### [BRIEF]
Within the records that follow, restate exactly the lines from the line with "9 Pics of Dora" down to the line with "Time sneaks up", including both. Omit the pictures.
==== ENTRIES SUPPLIED
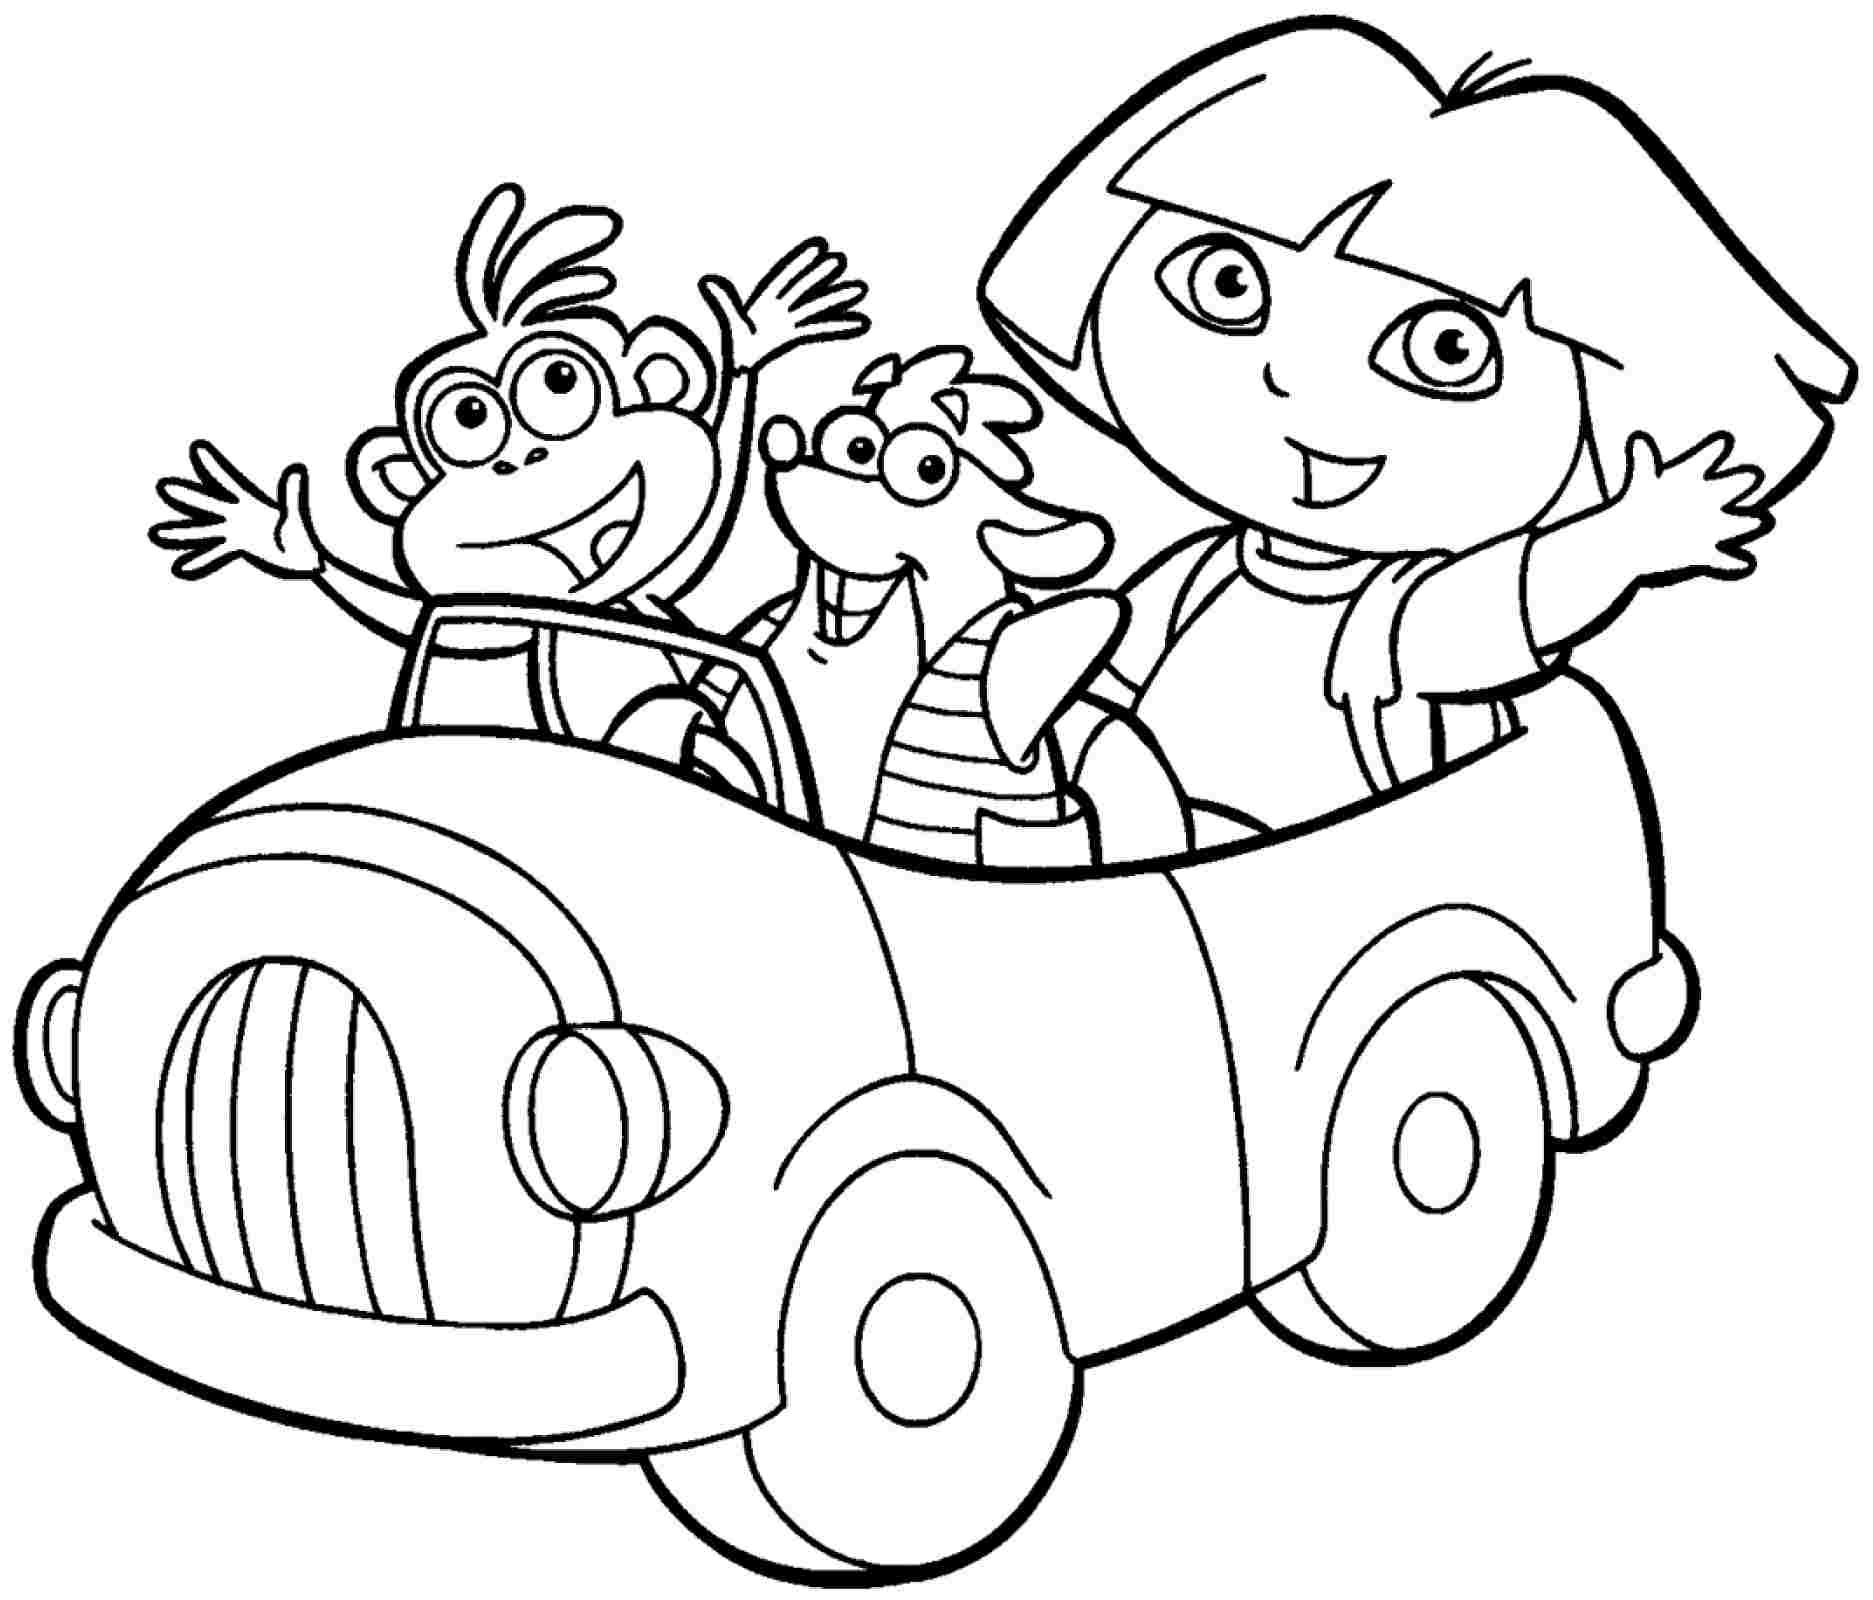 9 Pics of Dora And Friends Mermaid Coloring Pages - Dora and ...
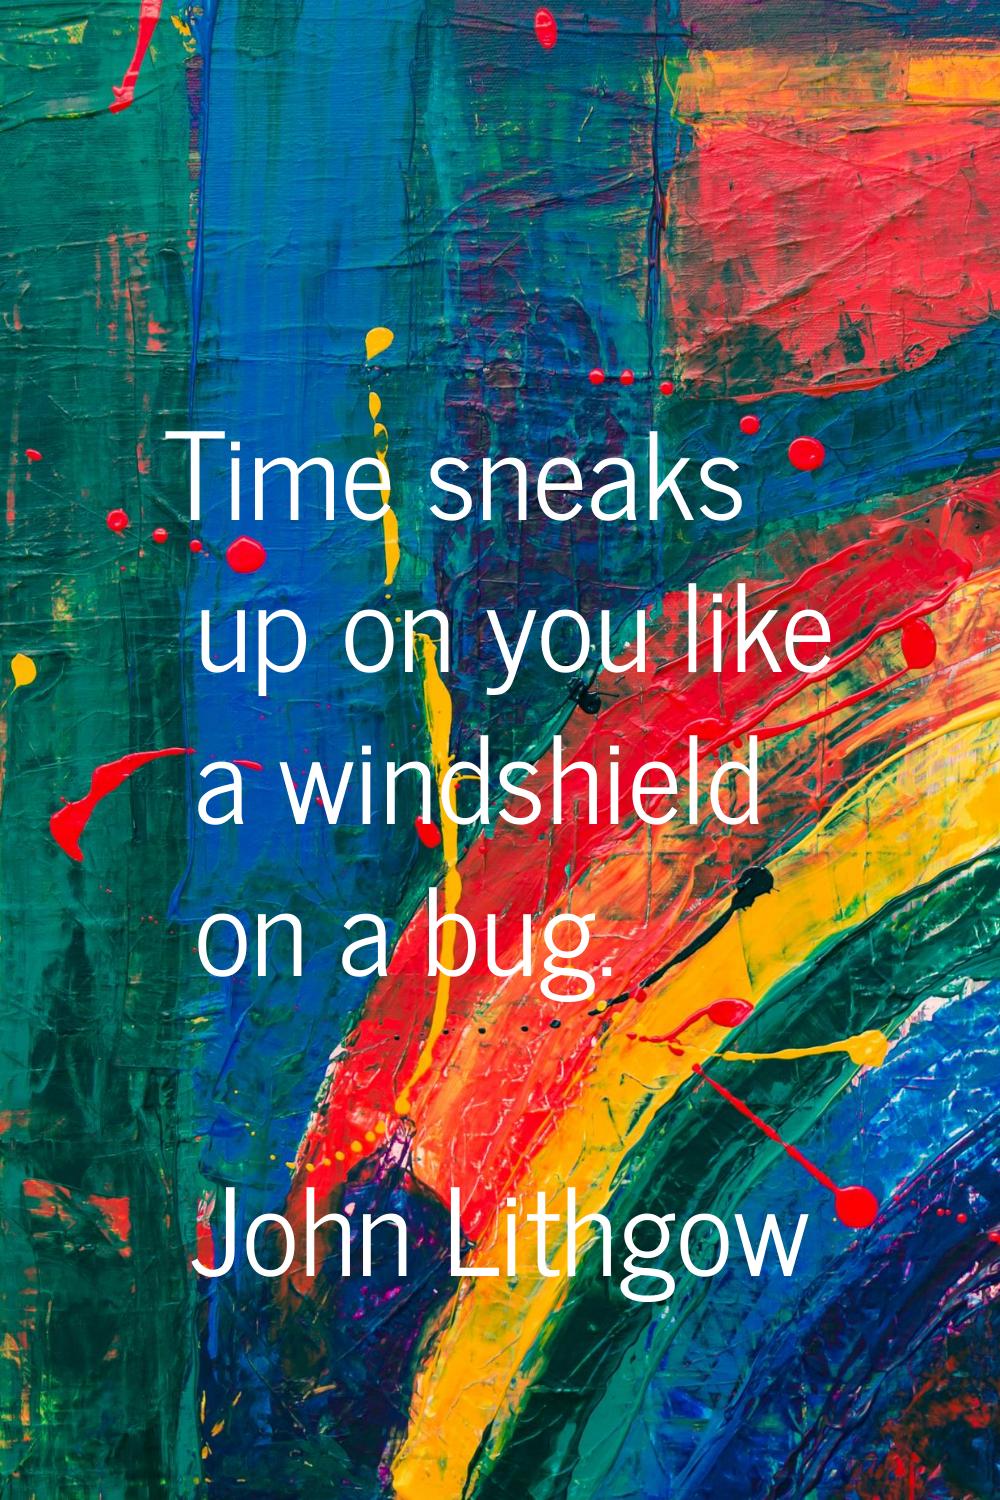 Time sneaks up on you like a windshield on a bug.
========
==== ENTRIES SUPPLIED
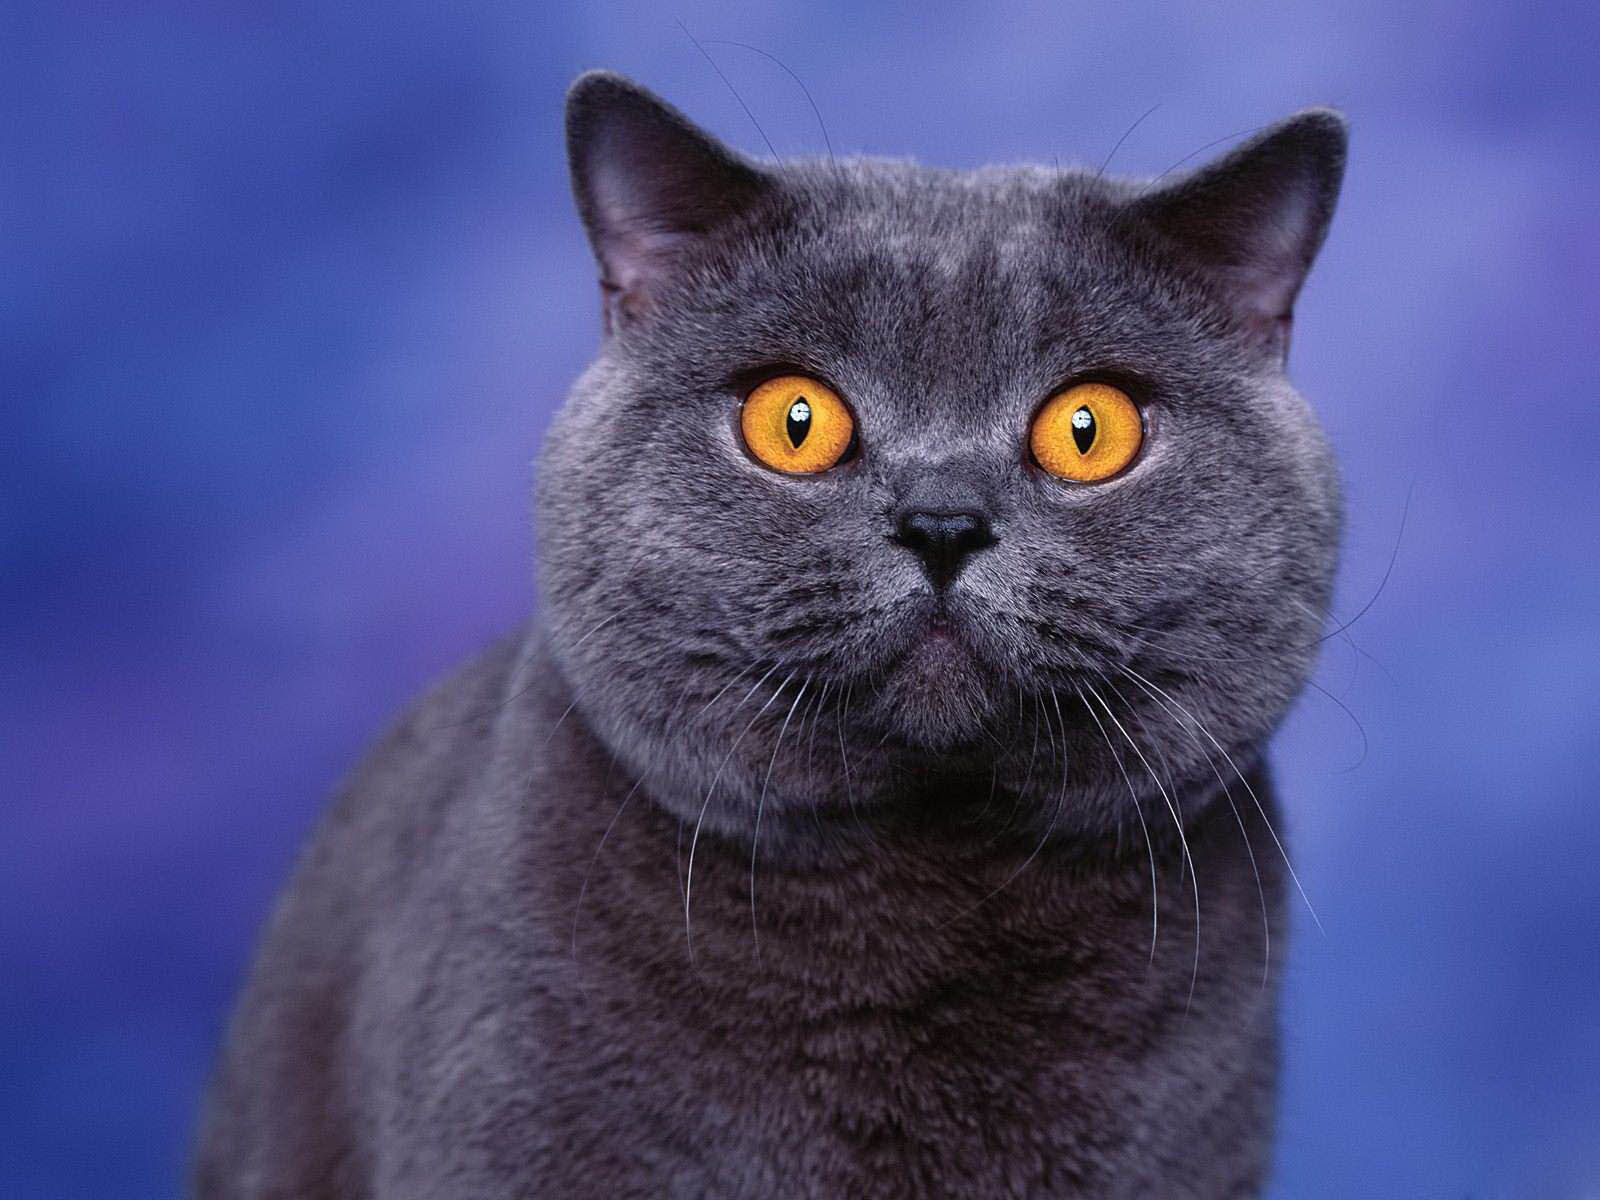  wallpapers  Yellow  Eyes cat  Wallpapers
========
==== ENTRIES SUPPLIED
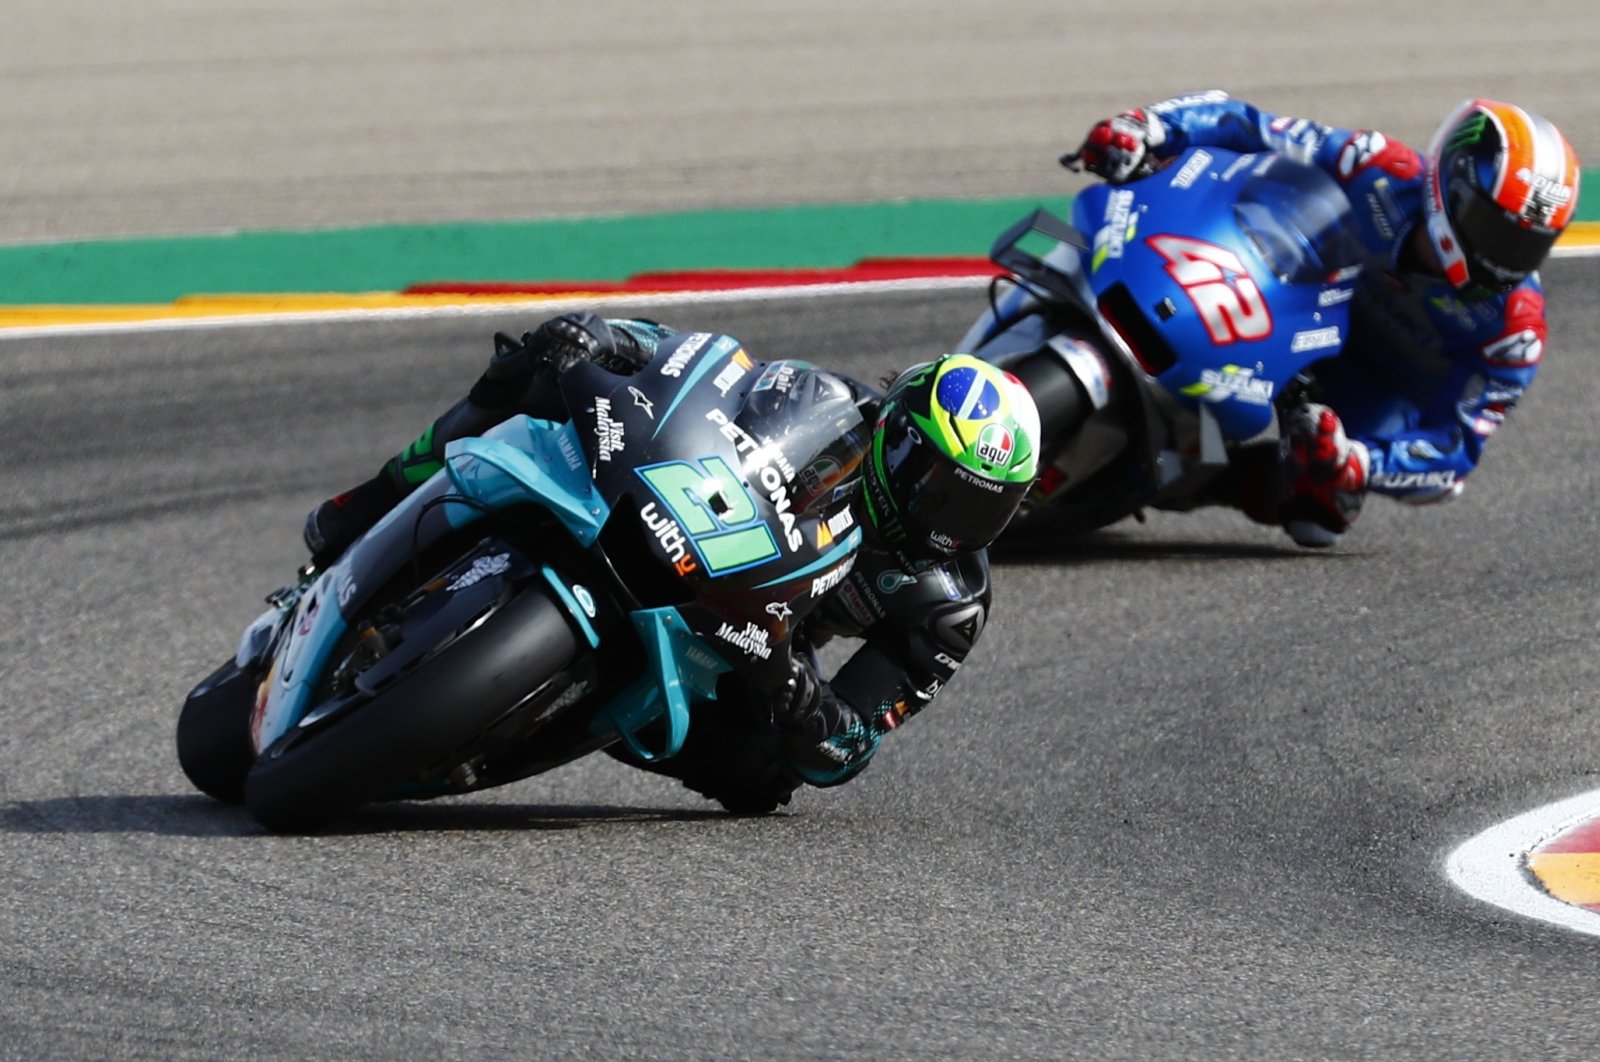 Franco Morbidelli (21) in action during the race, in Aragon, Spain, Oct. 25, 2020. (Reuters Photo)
========
### [TASK SOLUTION]
 9 Pics of Dora And Friends Mermaid Coloring Pages - Dora and ...
 Time sneaks up on you like a windshield on a bug.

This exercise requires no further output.